- [WHAT YOU NEED TO DO]
Omit all pictures. Quote the lines from the one with "How to Make Juice in a Blender" through the end of the listing below, exactly as they appear.
*** Opening of SOURCE MATERIAL ***
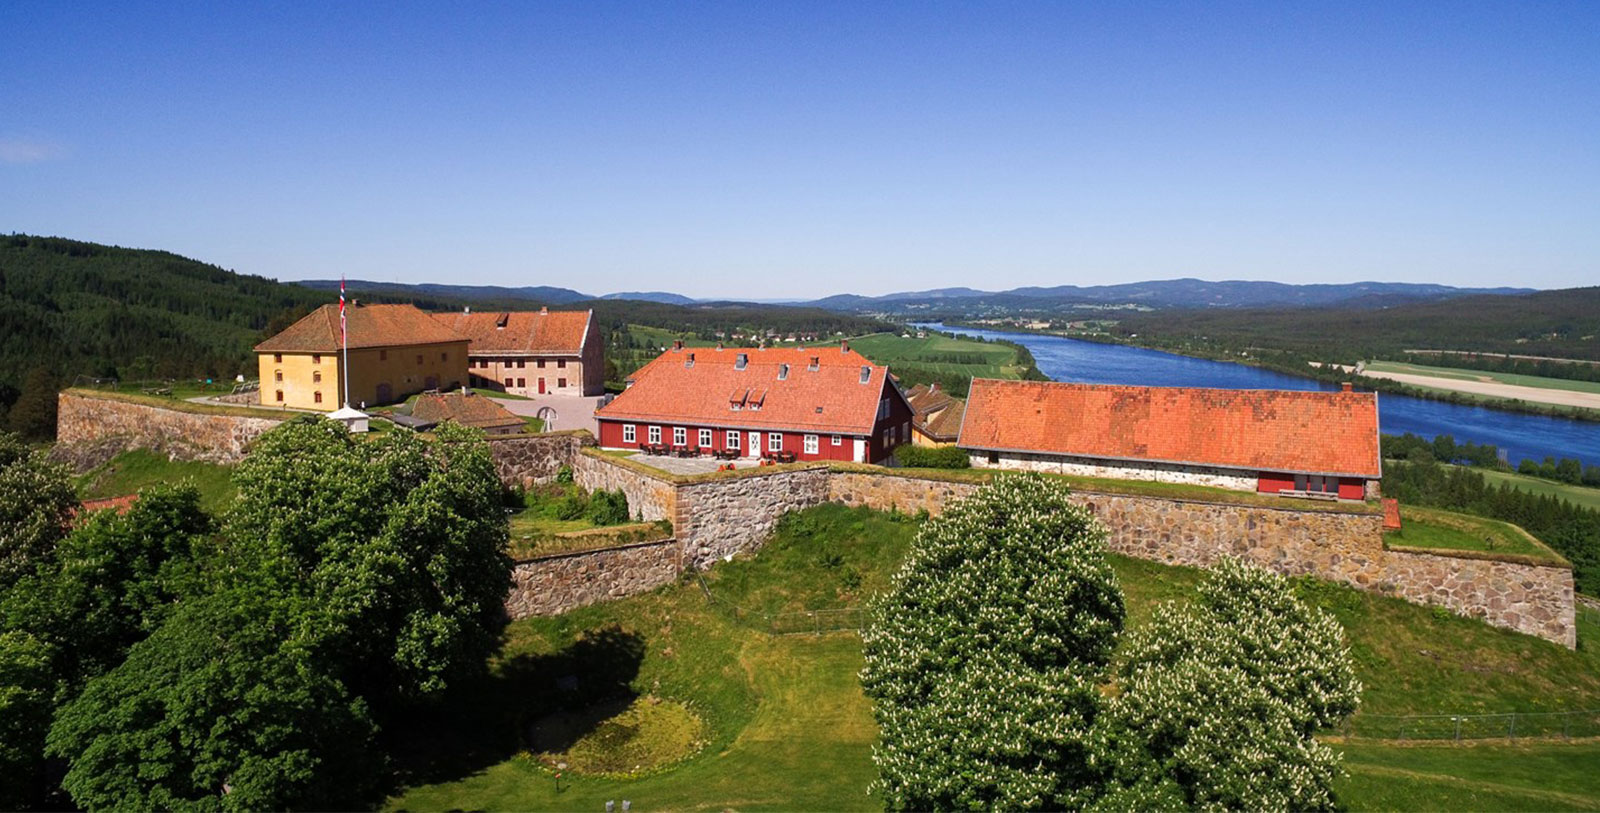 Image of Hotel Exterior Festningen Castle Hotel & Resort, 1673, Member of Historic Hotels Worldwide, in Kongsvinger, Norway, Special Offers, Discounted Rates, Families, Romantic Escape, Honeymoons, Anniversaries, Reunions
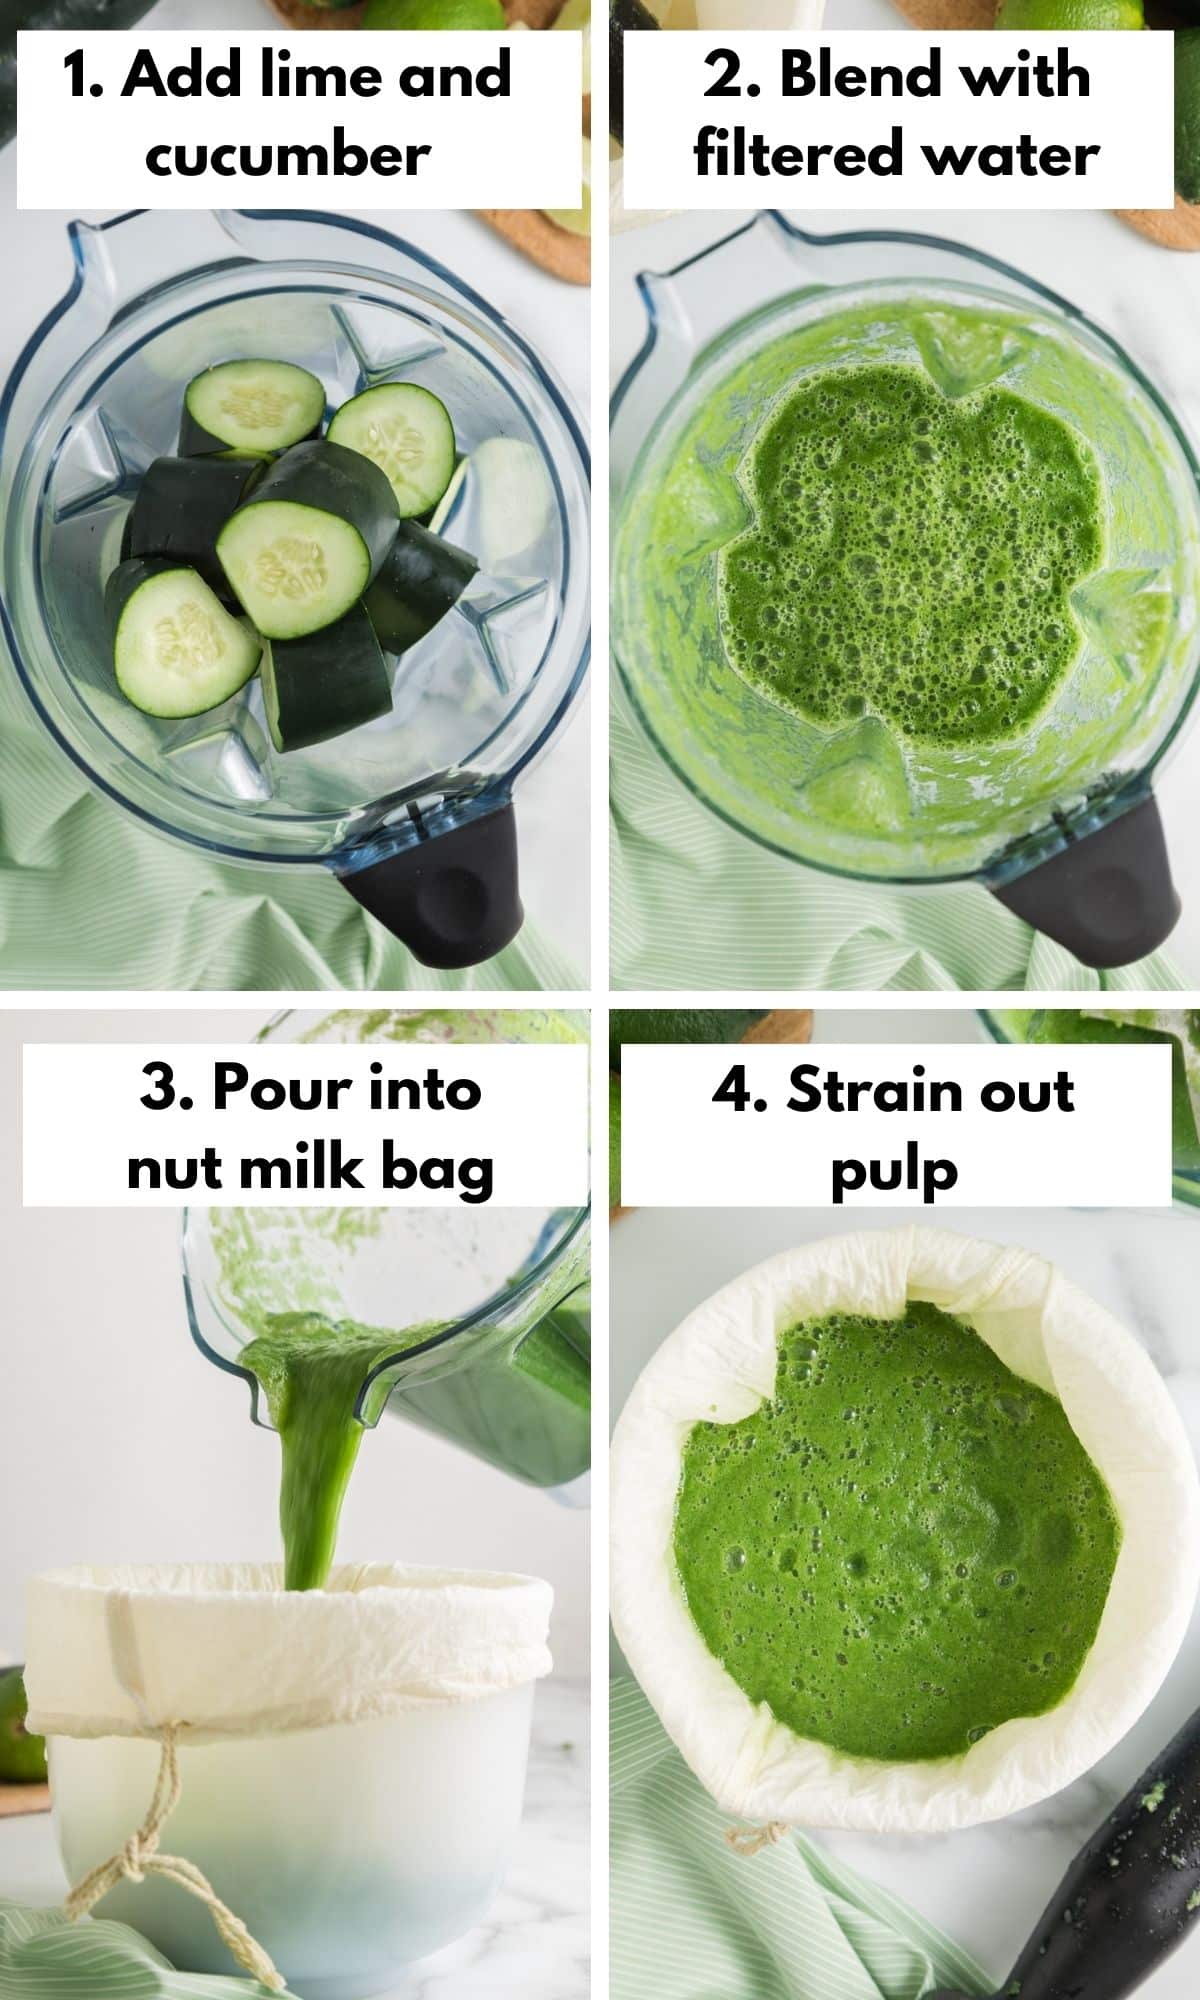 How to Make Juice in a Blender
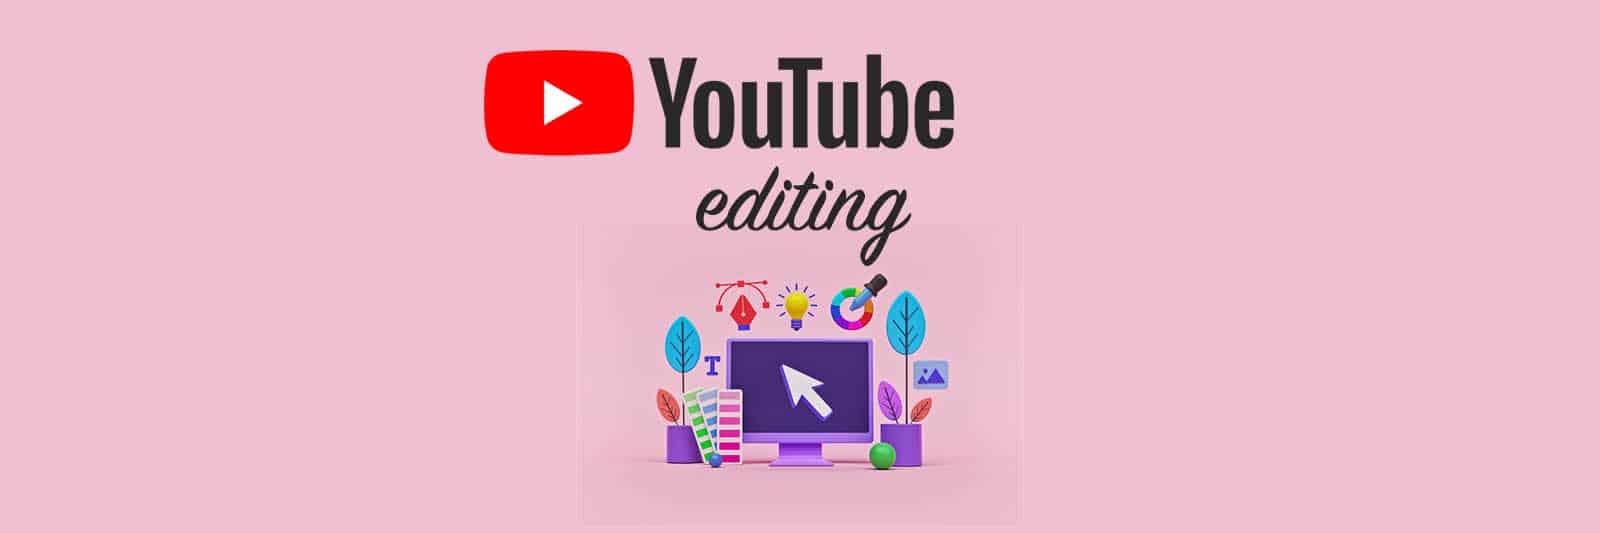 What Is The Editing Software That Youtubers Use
*** Close of SOURCE MATERIAL ***
- [ANSWER SPACE]
 How to Make Juice in a Blender
 What Is The Editing Software That Youtubers Use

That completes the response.